周遭孩子的哭声、密集的点滴针管和晃动的身影,让李爱云4岁半的外孙女感受到了紧张的气氛,她也哼哼唧唧地瘪嘴哭起来。“来晚了。”李爱云念叨着,转头试图寻找一个座位让孩子坐下,但满大厅的大人和孩子,有的人甚至直接坐在了墙根下,她只得抱着孩子轻轻地晃动安抚,嘴上催促着女儿到输液台前去看看。

没有鼻涕、没有咳嗽,上来就先发烧,这是诸多就诊孩子的症状。在输液台里,护士长张丽君和她的同事们熟练地进行着静脉注射的操作,冬季本就是儿童发病高峰期,连续的雾霾天更是让她们的门诊量从此前的日均三四百飙升到了800多。就诊儿童的年龄集中在6个月以上到2岁左右,百分之七八十都是上呼吸道感染所致。

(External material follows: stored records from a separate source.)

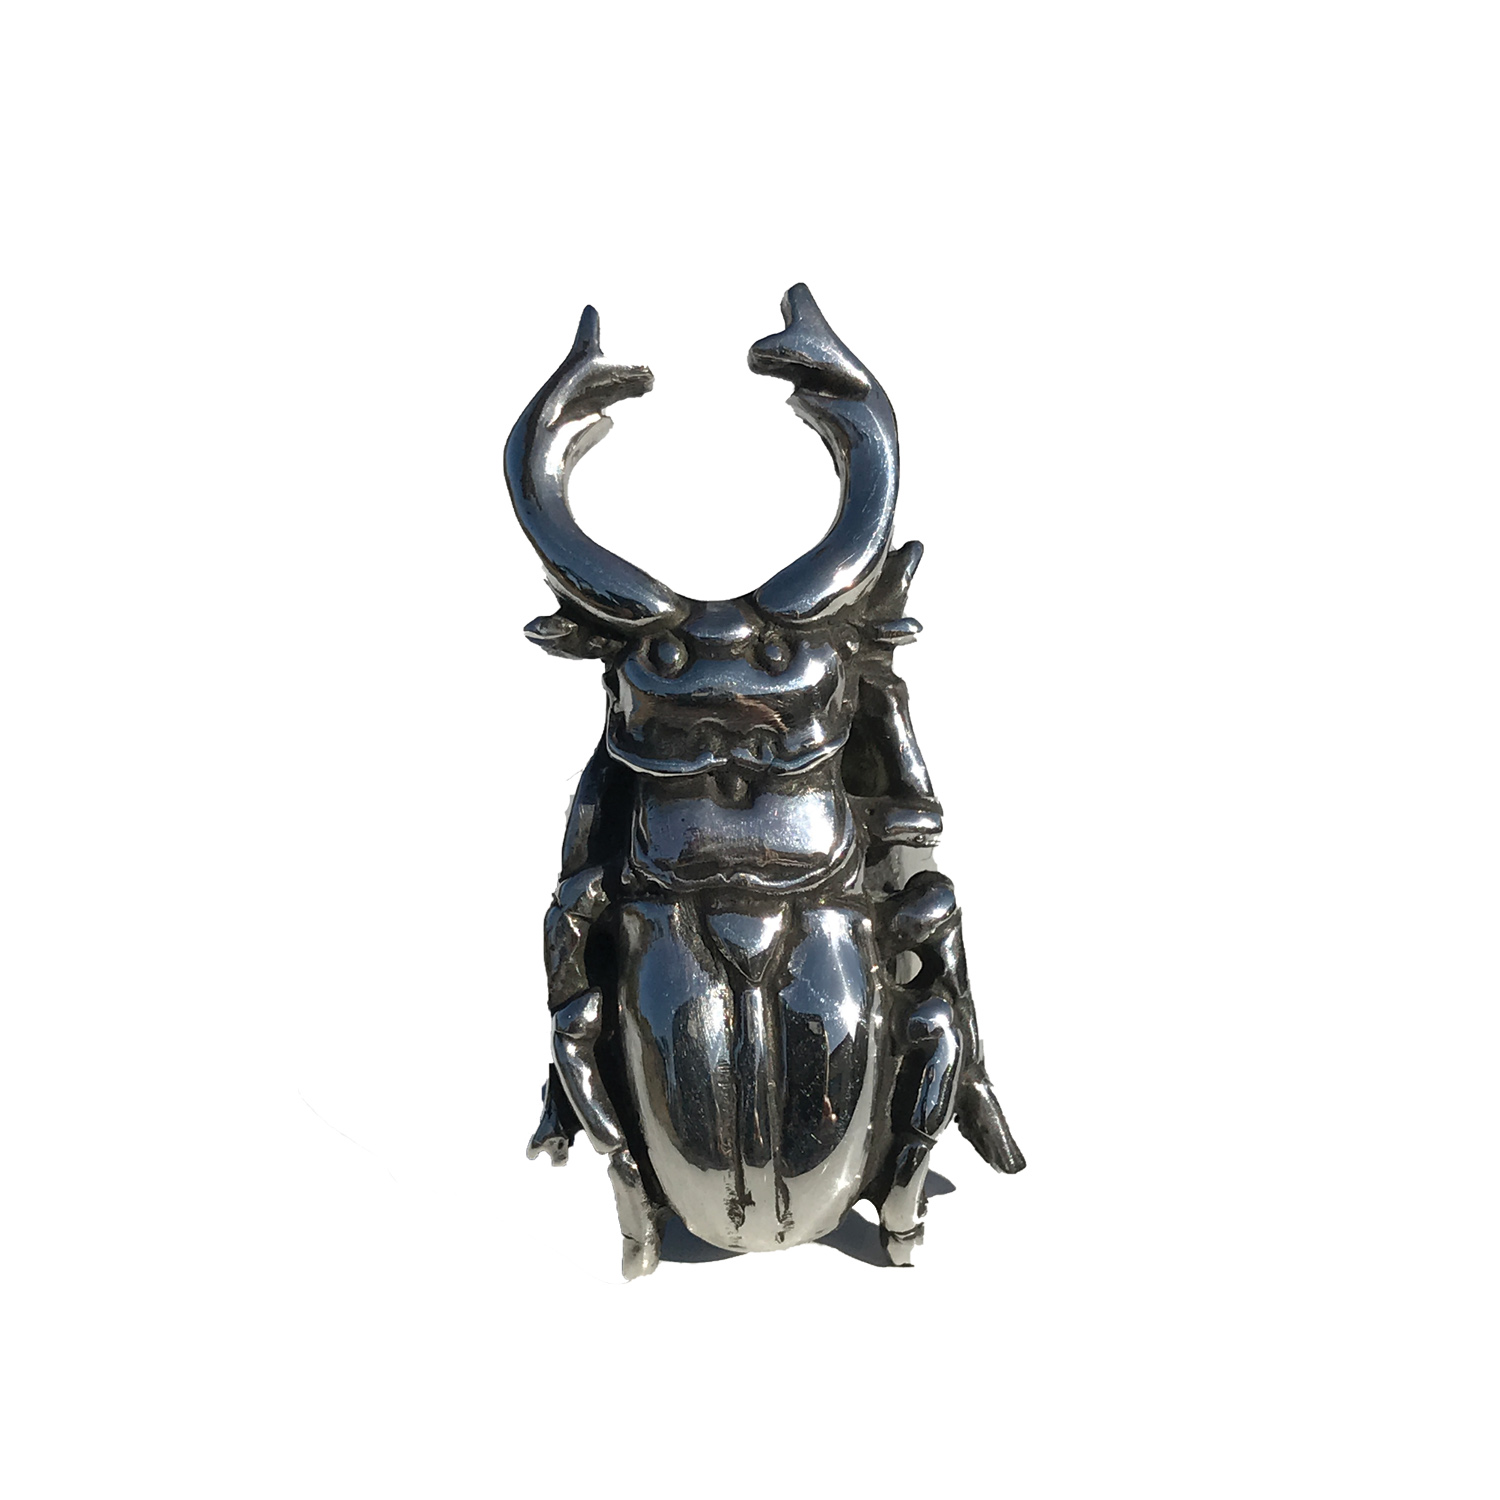 Details about   Rhinoceros beetle STERLING SILVER 925 Ring Stag Beetle Symbol of metamorphosis H
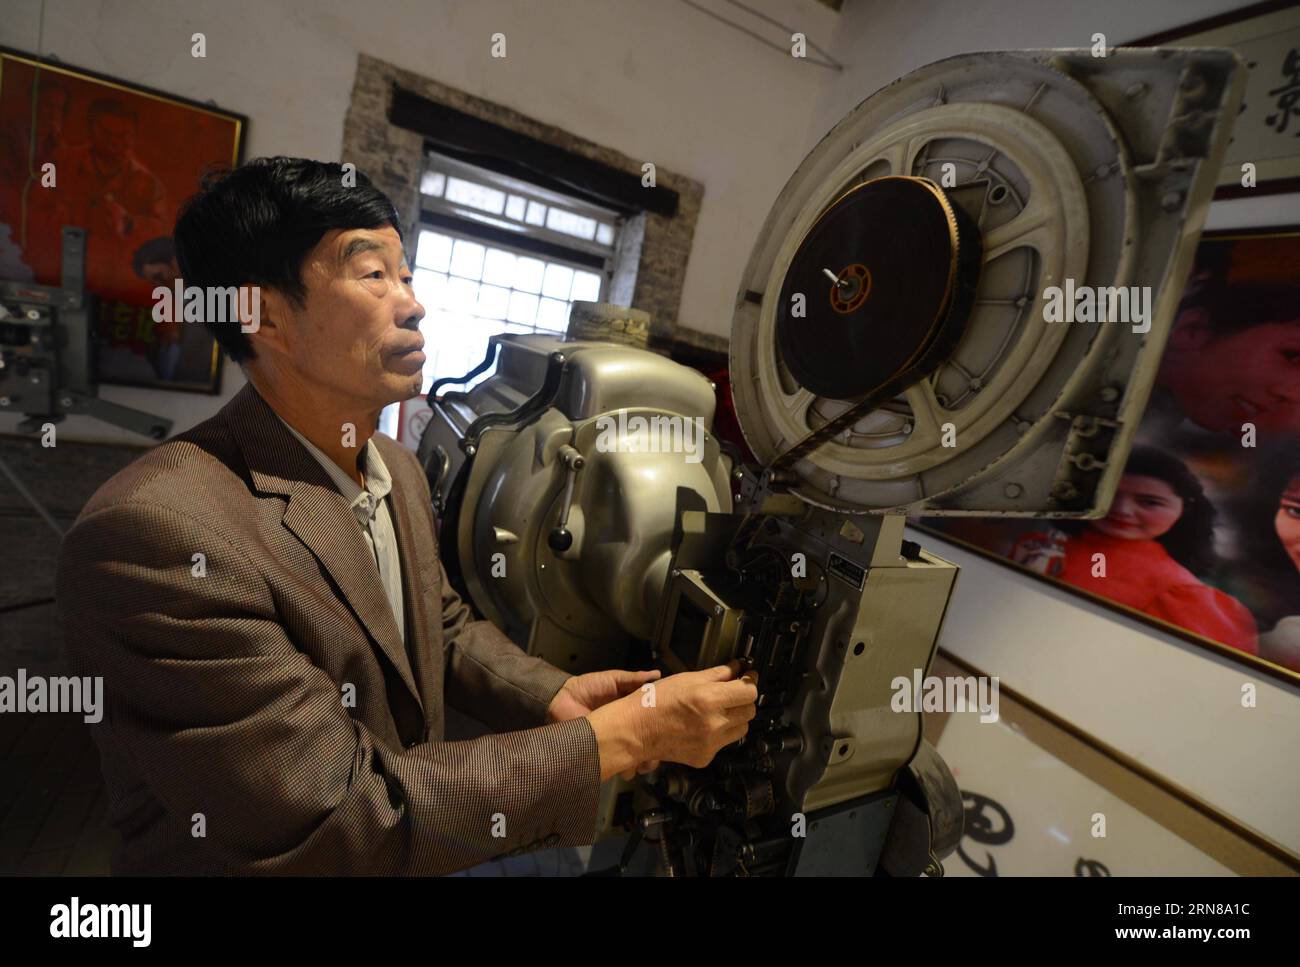 SHIJIAZHUANG, 13 ottobre 2015 -- Wei Shaoxian debugia un vecchio proiettore cinematografico nel suo museo cinematografico nel villaggio di Siliugu della contea di Handan, nella provincia di Hebei, nella Cina settentrionale, 13 ottobre 2015. Cinephile Wei Shaoxian ha raccolto più di 20.000 articoli sul cinema, come filmstrip, poster e dischi, dal 2004 e ha fondato il suo museo privato del cinema nel suo villaggio nel 2015. ) (Zkr) CHINA-SHIJIAZHUANG-FILM MUSEUM(CN) WangxXiao PUBLICATIONxNOTxINxCHN Shijiazhuang 13 ottobre 2015 Wei debug al proiettore Old Film PRESSO il suo Museo del Cinema nel villaggio di Handan County nella provincia di Hebei della Cina settentrionale 13 ottobre 2015 Wei ha collezionato più tha Foto Stock
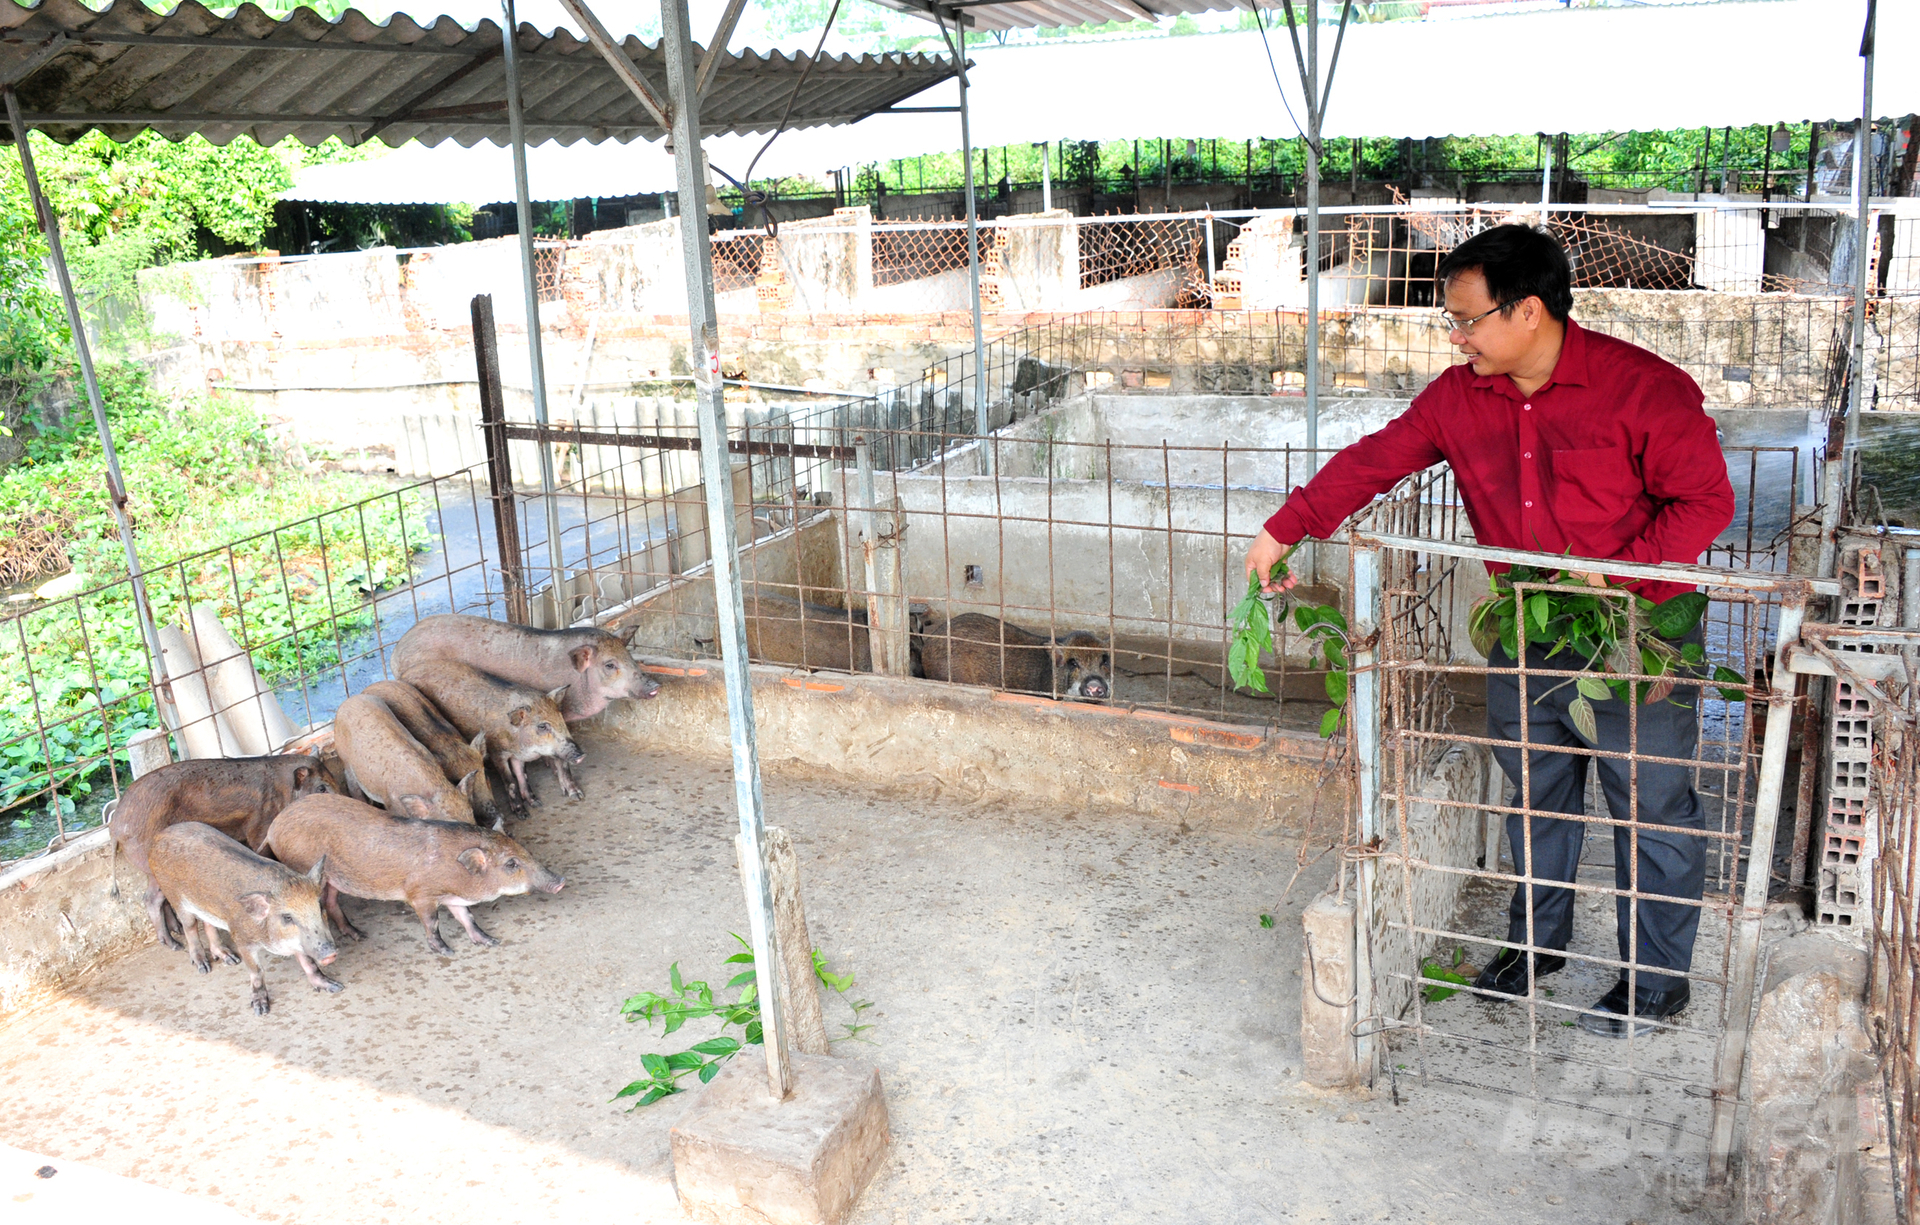 Anh Đoàn Phan Dinh, Giám đốc Công ty TNHH Thương mại và Dịch vụ Heo Rừng, cho biết hiện tại Công ty đã liên kết với gần 3.000 hộ dân nuôi heo rừng tại ĐBSCL để bao tiêu đầu ra. Ảnh: Lê Hoàng Vũ.

截至1月5日,彭丽洁总算是从全家“串窝子”的发烧、咳嗽中抽出了身。时下,她大女儿的幼儿园已是半停课状态,此前教育部门针对重污染天气的停课应对他们也都是执行到位,但是即便如此,去年12月里全班31个小朋友只有15个拿到了“全勤小明星”的奖励,11月更是只有12个。这一情况让班主任急得在家长群里反复强调防霾防感冒的注意事项,“为了咱们的出勤,请加油努力!”

张丽君说刚上幼儿园的孩子正是交叉感染的易感人群,济南市儿童医院每天800多的门诊量里,除了6个月到2岁的孩子就是他们。彭丽洁的大女儿至今仍有咳嗽症状,12月中旬她烧到了38度5,还把症状传染给了妹妹。“那连续一个周简直是煎熬”,彭丽洁至今想来仍有后怕,所以即便幼儿园放假,即便两个女儿吵闹着要出门去玩,她也严厉禁止,“只能在家待着!”

11点30分左右,输液台方向一个七八个月大的男孩发出尖利的哭声,刚要睡着的李爱云的外孙女哆嗦了一下惊醒了,她又瘪了瘪嘴,但没哭出声来。李爱云把脸贴到她的额头上,抱得更紧了一些。

“妈妈,天变蓝了就可以出去了吗?”彭丽洁的每次喝止都会得到大女儿的如此反问,她只有忙不迭地点头。

朋友圈里的彷徨

雾霾,也许我们不在了它还在……”

若干医院患儿门诊量翻番的新闻也在刷屏着王倩的朋友圈。1月6日,她开车跑遍了济南的三大家电卖场,没买回她想要的一款瑞士品牌的净化器。“全济南缺货,最快十天后到货。”售货员如此对她说,但她等不及了,“再等十天?那岂不是要‘服雾’20天了?”

彭丽洁也等不及了,她把两个女儿圈在家里已经好几天,但1月4日大学同学的一条朋友圈状态刺激了她——装了新风机,室内PM2.5指数18,室外455。彭丽洁赶紧带了一个检测仪回家,“我家居然是272!”她当晚就睡不着觉了,看着身边4岁半和10个月大的两个女儿熟睡的样子,一股内疚的情绪袭来,“感觉自己很失职。”

二胎妈妈杨臻每早睁开眼的第一件事就是临窗远望,连续十多天的灰霾一片,总带来她的一声轻叹,虽有花300多块从英国买回的防霾口罩,但她跟3岁半的儿子已经一个多星期没出门了,她腹中的二胎也已有8个月。去年花3000多买回的空气净化器成了他们唯一的倚靠。

王倩和彭丽洁至今连这点倚靠也没有,实体店缺货,她们转而去网上商城,但那里也卖断货了。“要不带孩子出去避避?”彭丽洁的丈夫曾提议说,但是日照老家的妹妹也在朋友圈吐槽着雾霾围城呢,她的同事刚从无锡回来,“那里也没有蓝天……”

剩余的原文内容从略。